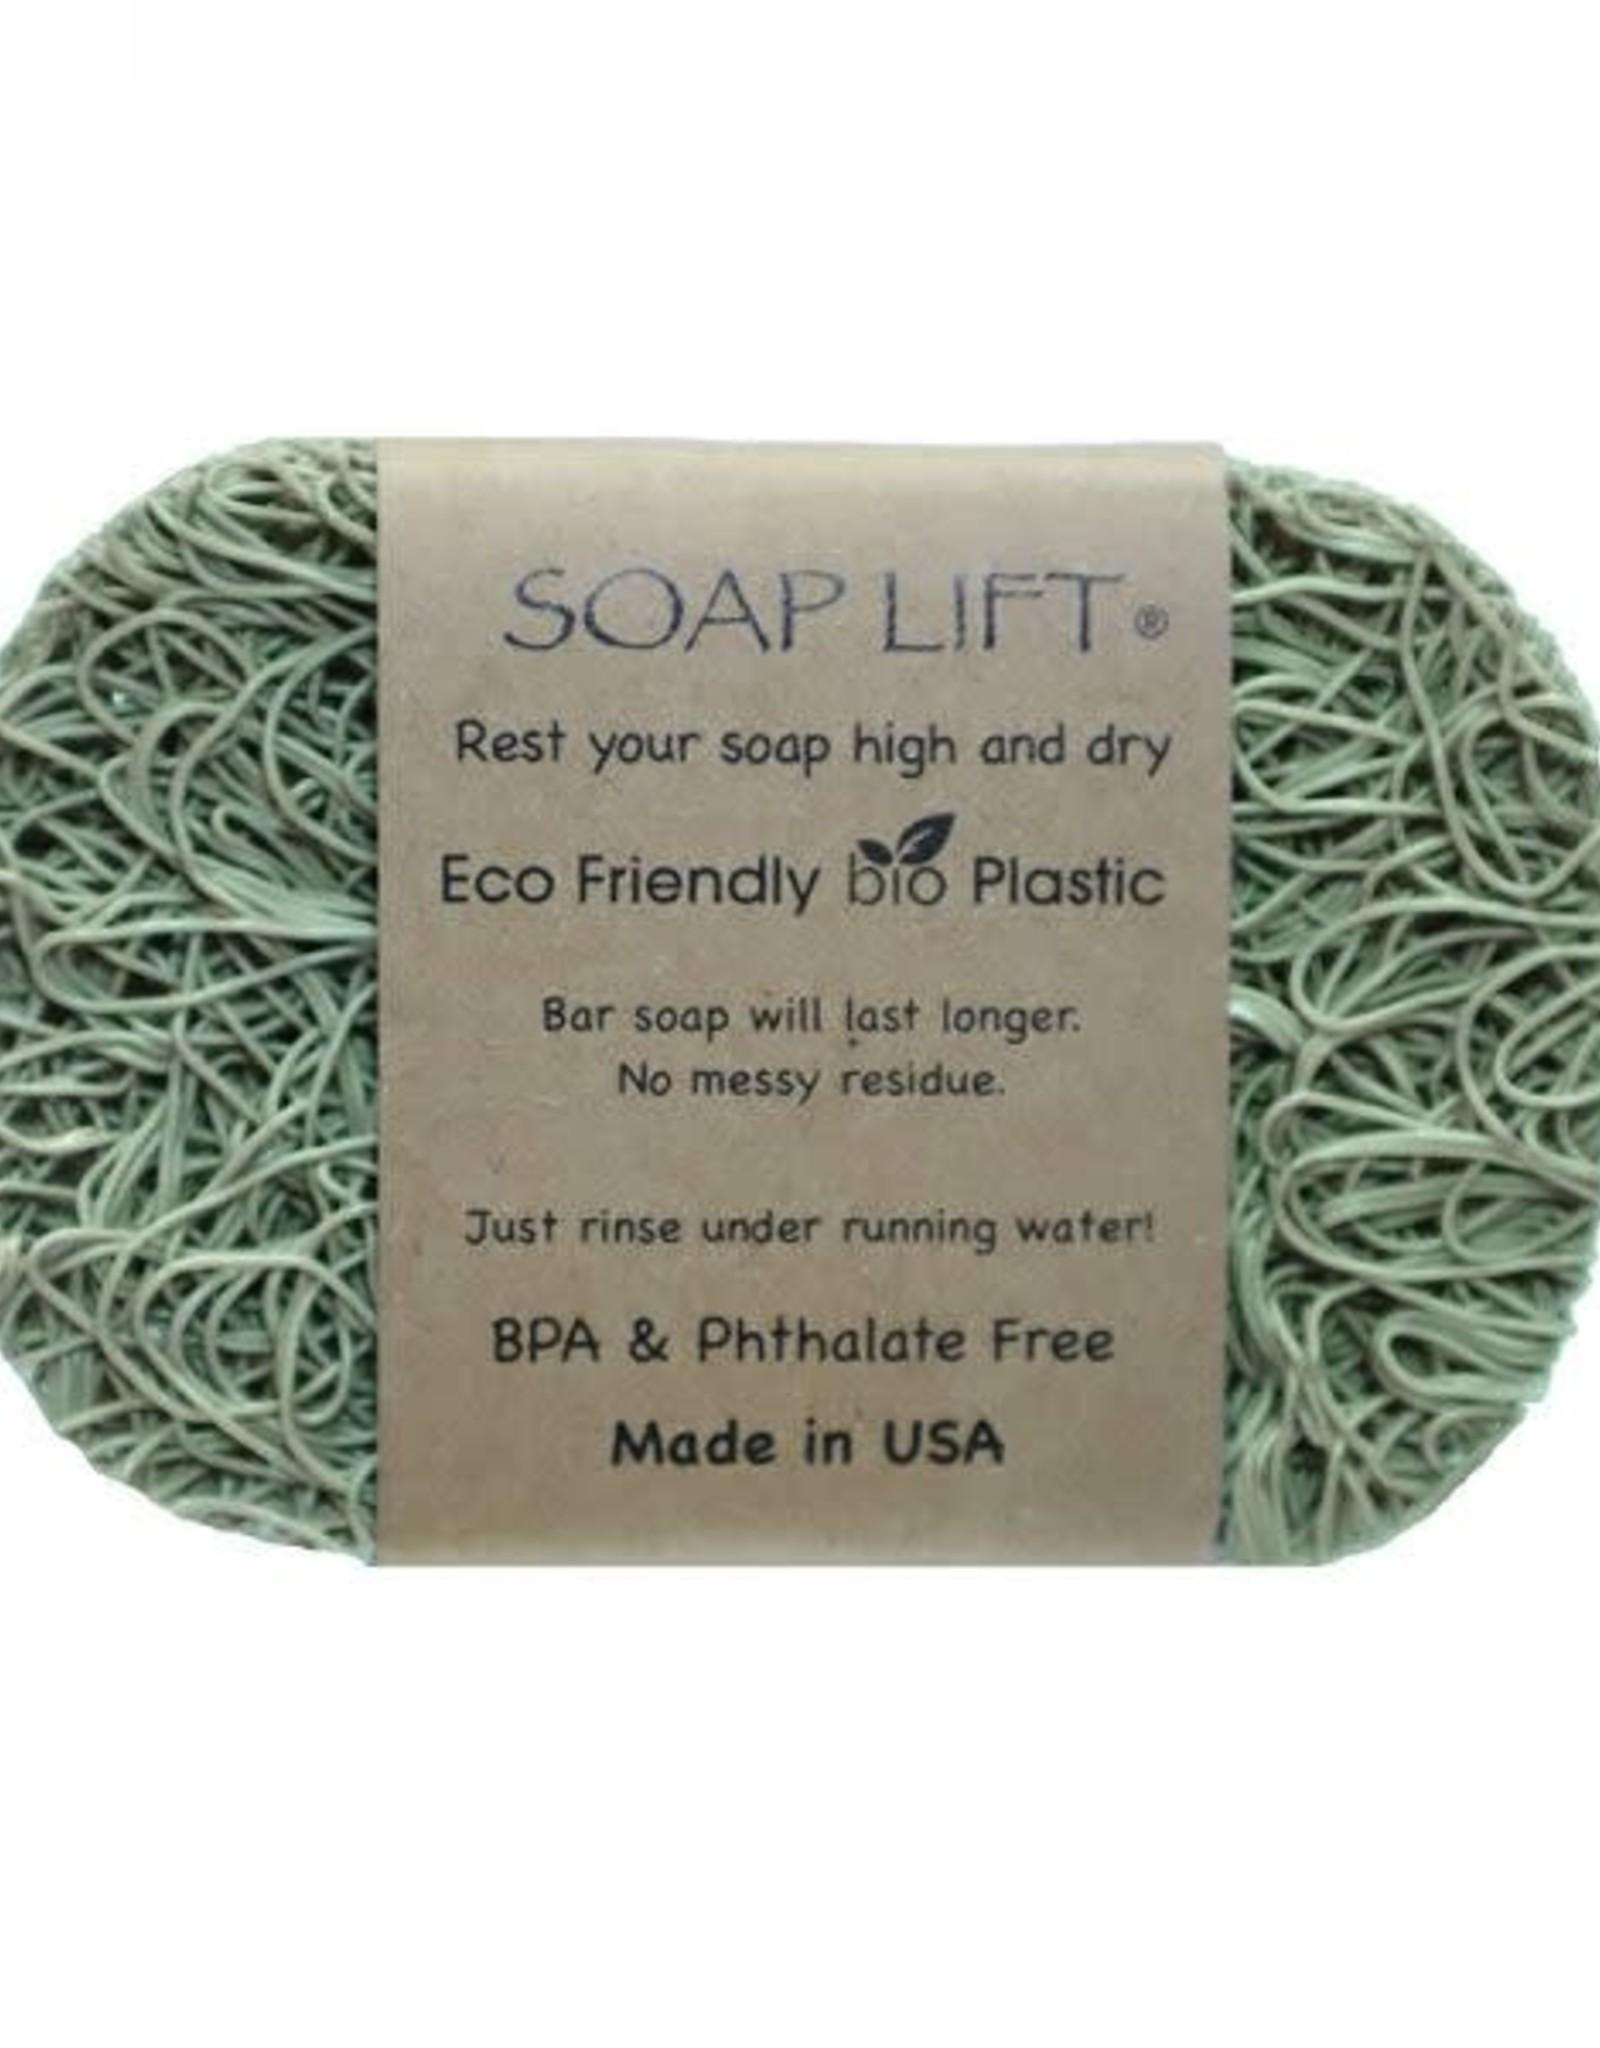 Soap Lift Eco Friendly Soap 'Lift'
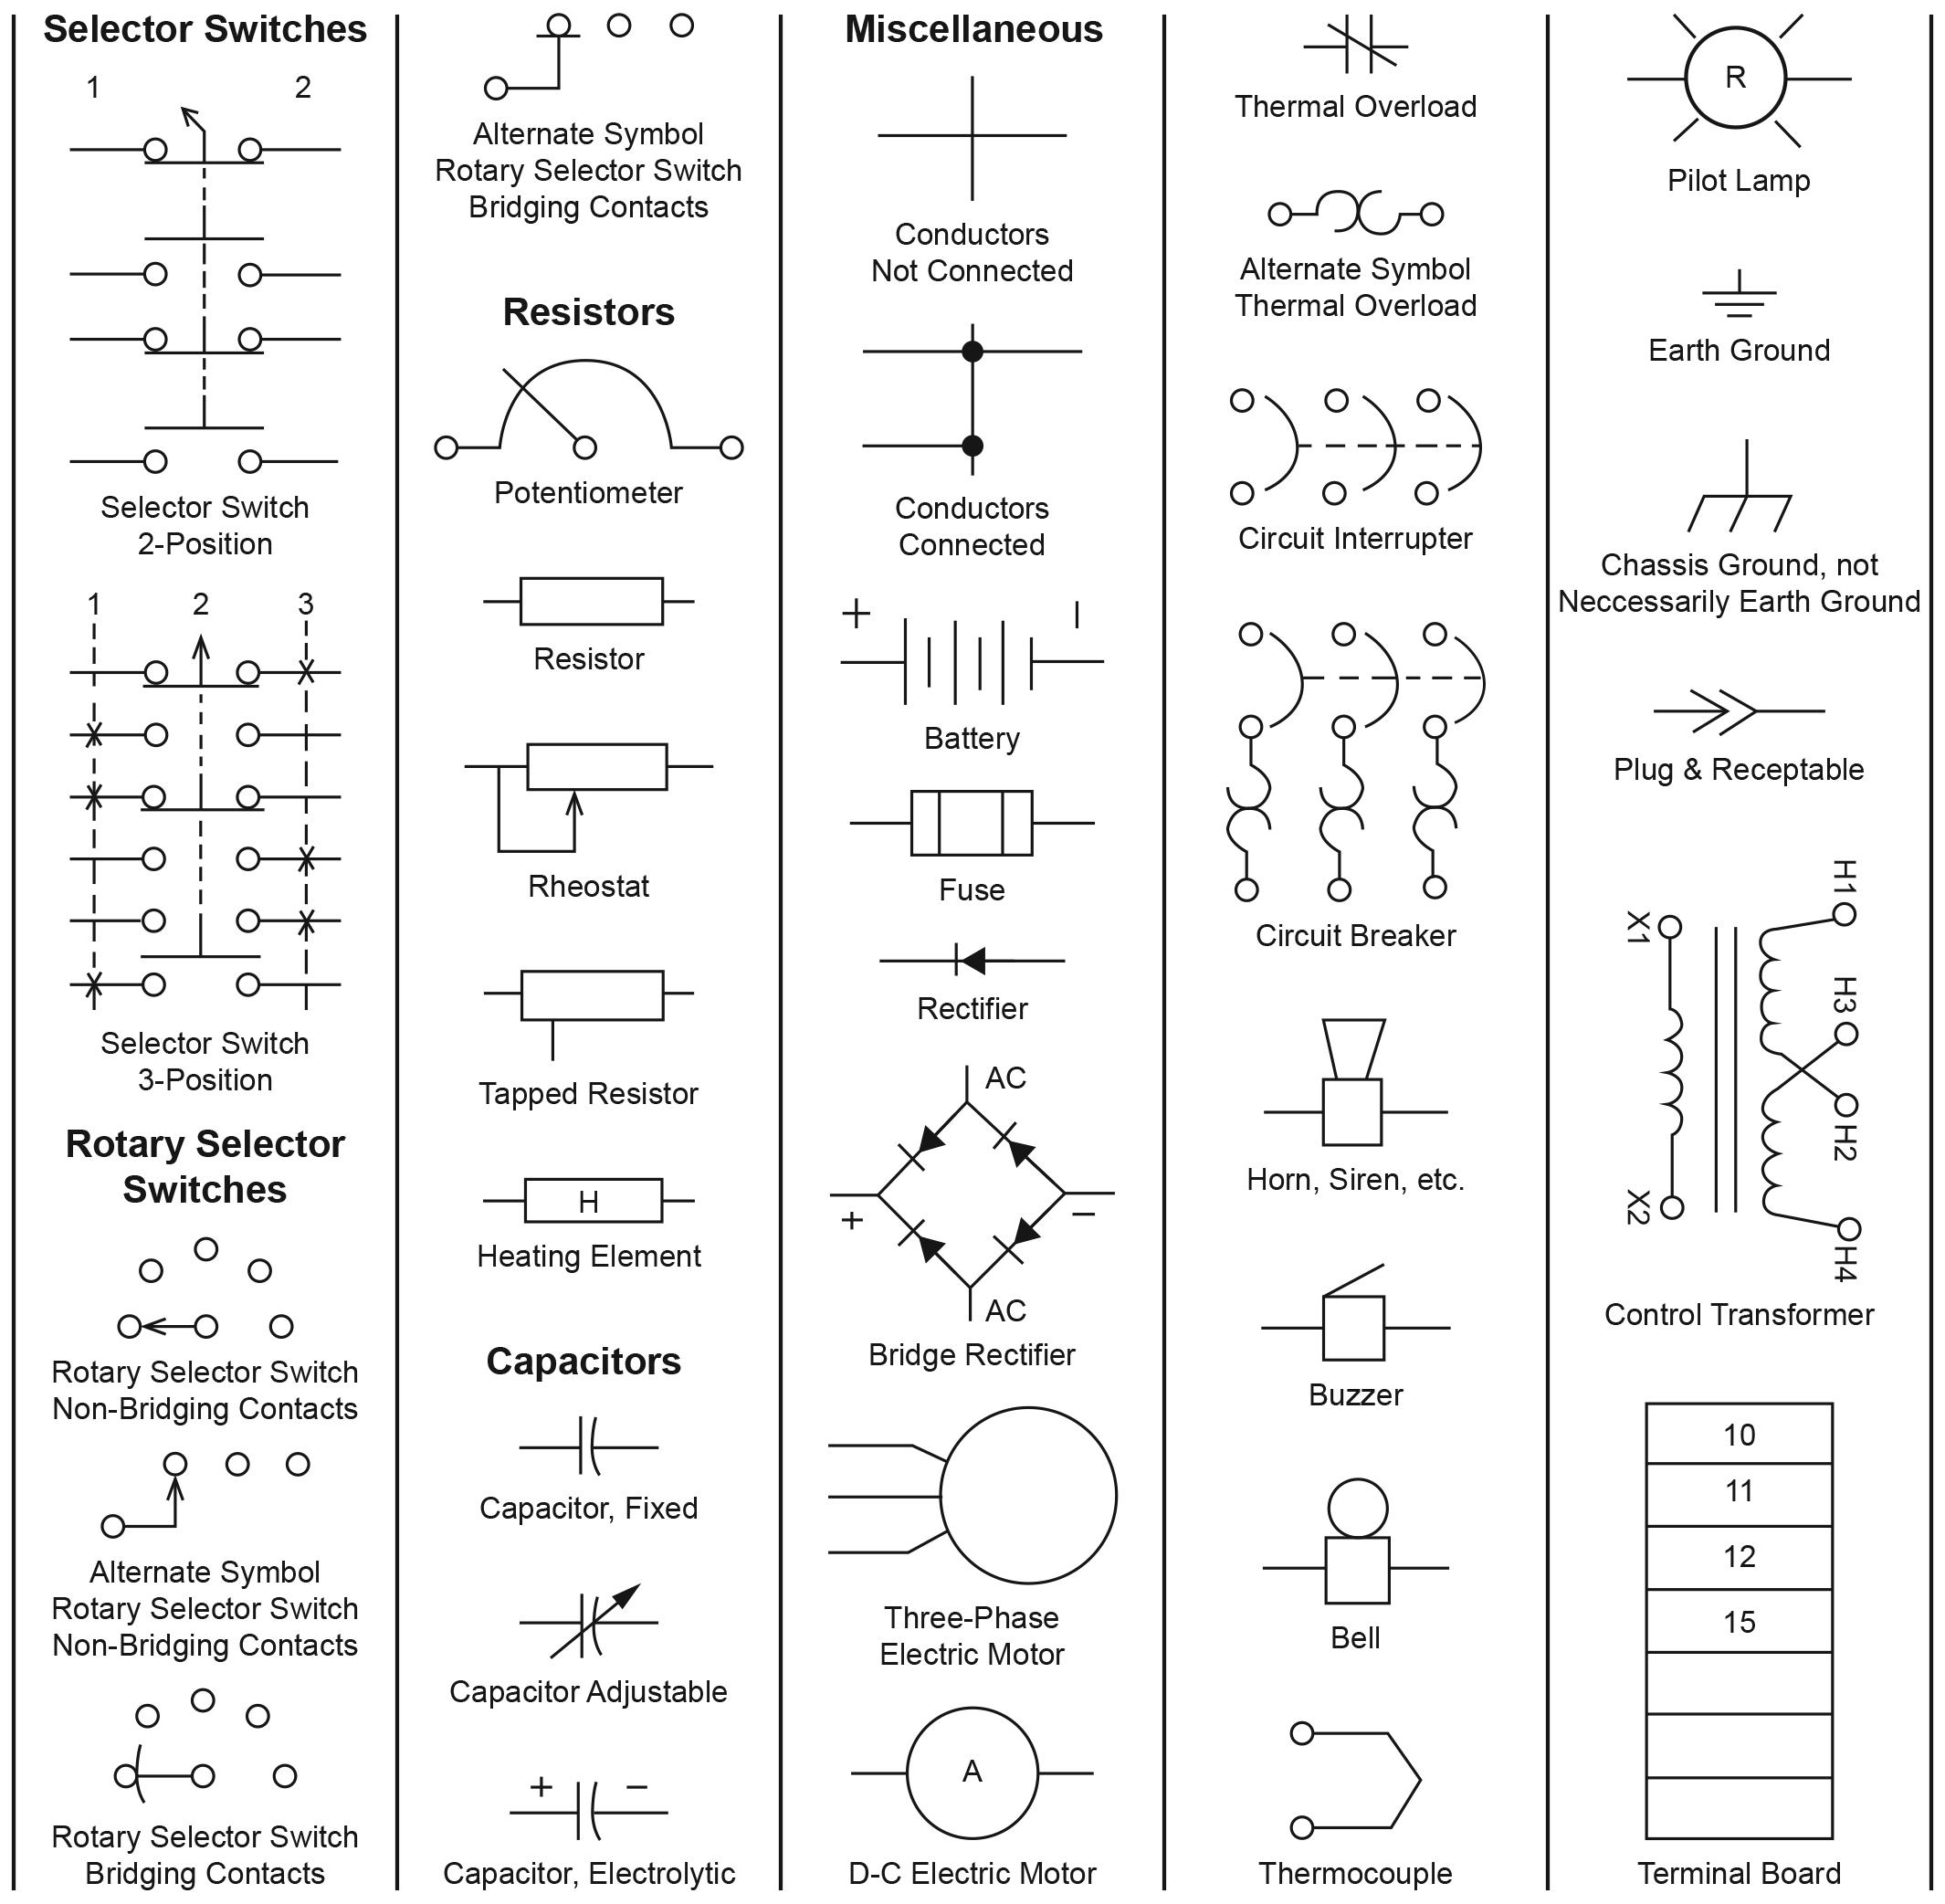 electrical wiring diagram symbols 1981 yamaha 450 switch symbol library
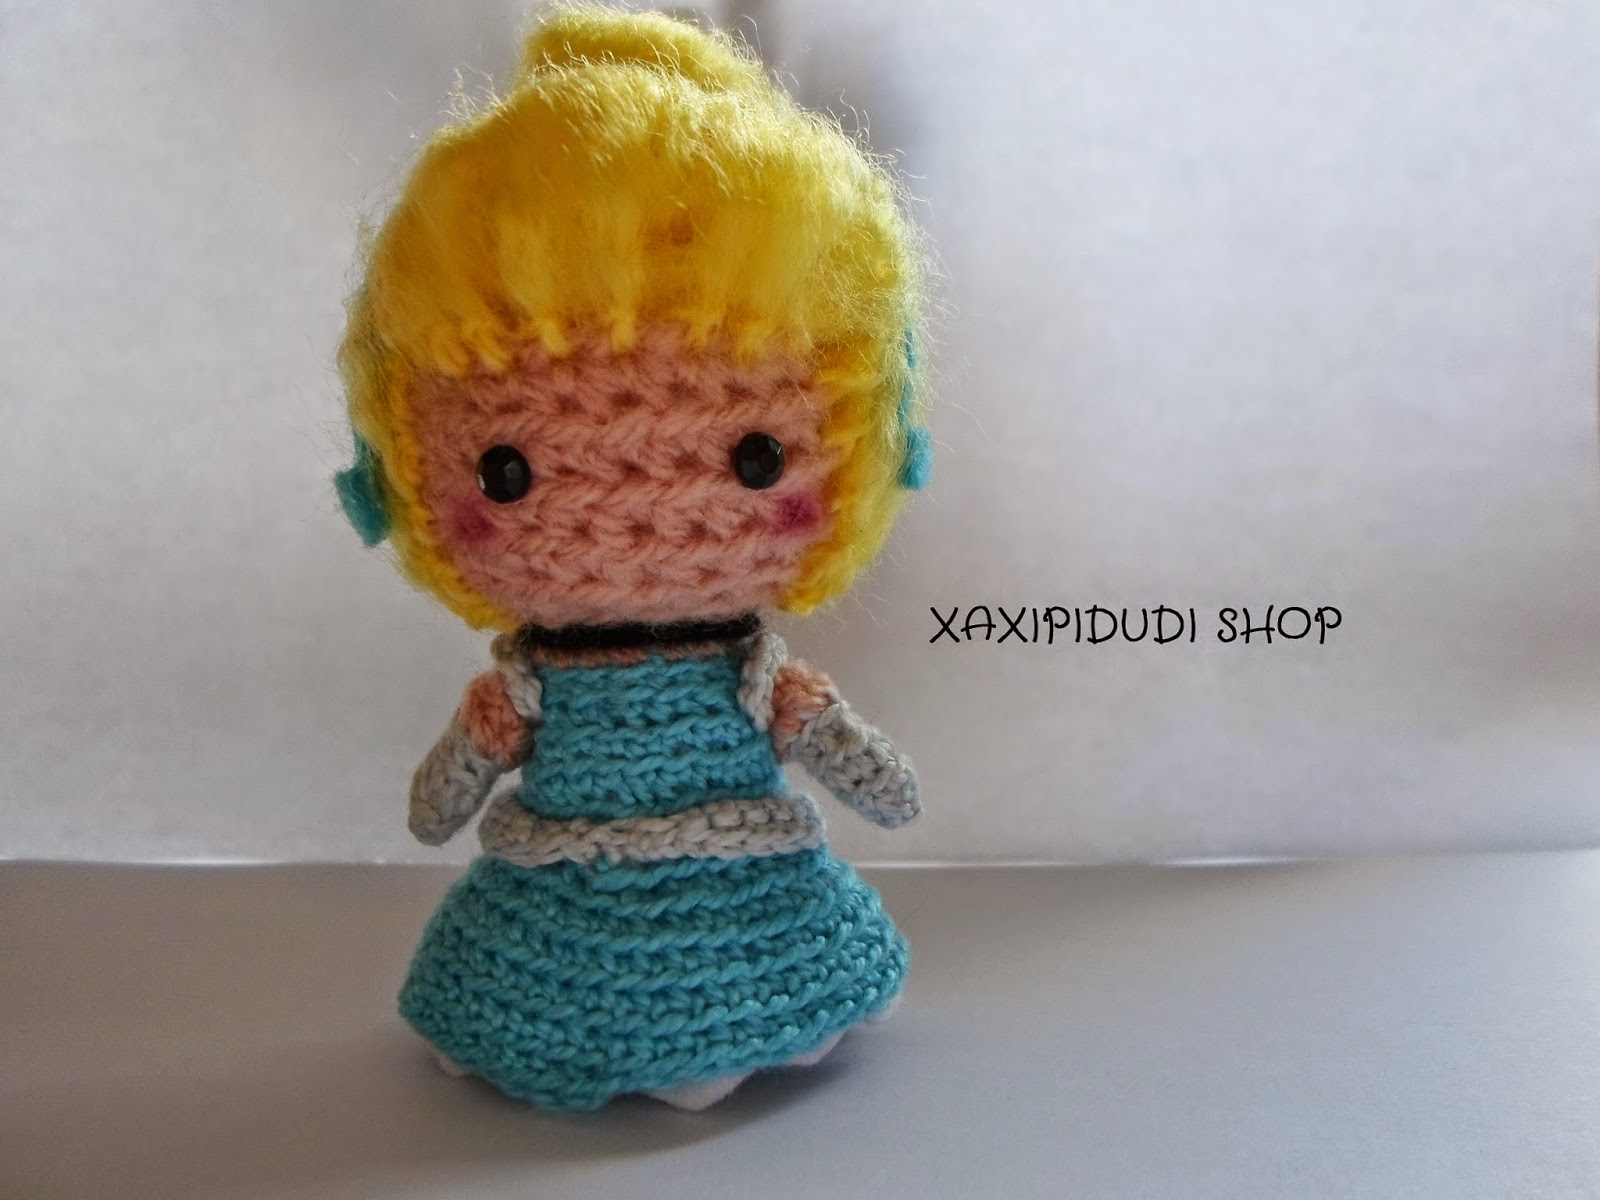 XAXIPIDUDI SHOP: Amigurumis y mucho mas.: AMIGURUMI ...

* _What is expected_: Reproduce the whole listing above word for word, dropping each image.

* _Output for this task_:
 Soap Lift Eco Friendly Soap 'Lift'
 electrical wiring diagram symbols 1981 yamaha 450 switch symbol library
 XAXIPIDUDI SHOP: Amigurumis y mucho mas.: AMIGURUMI ...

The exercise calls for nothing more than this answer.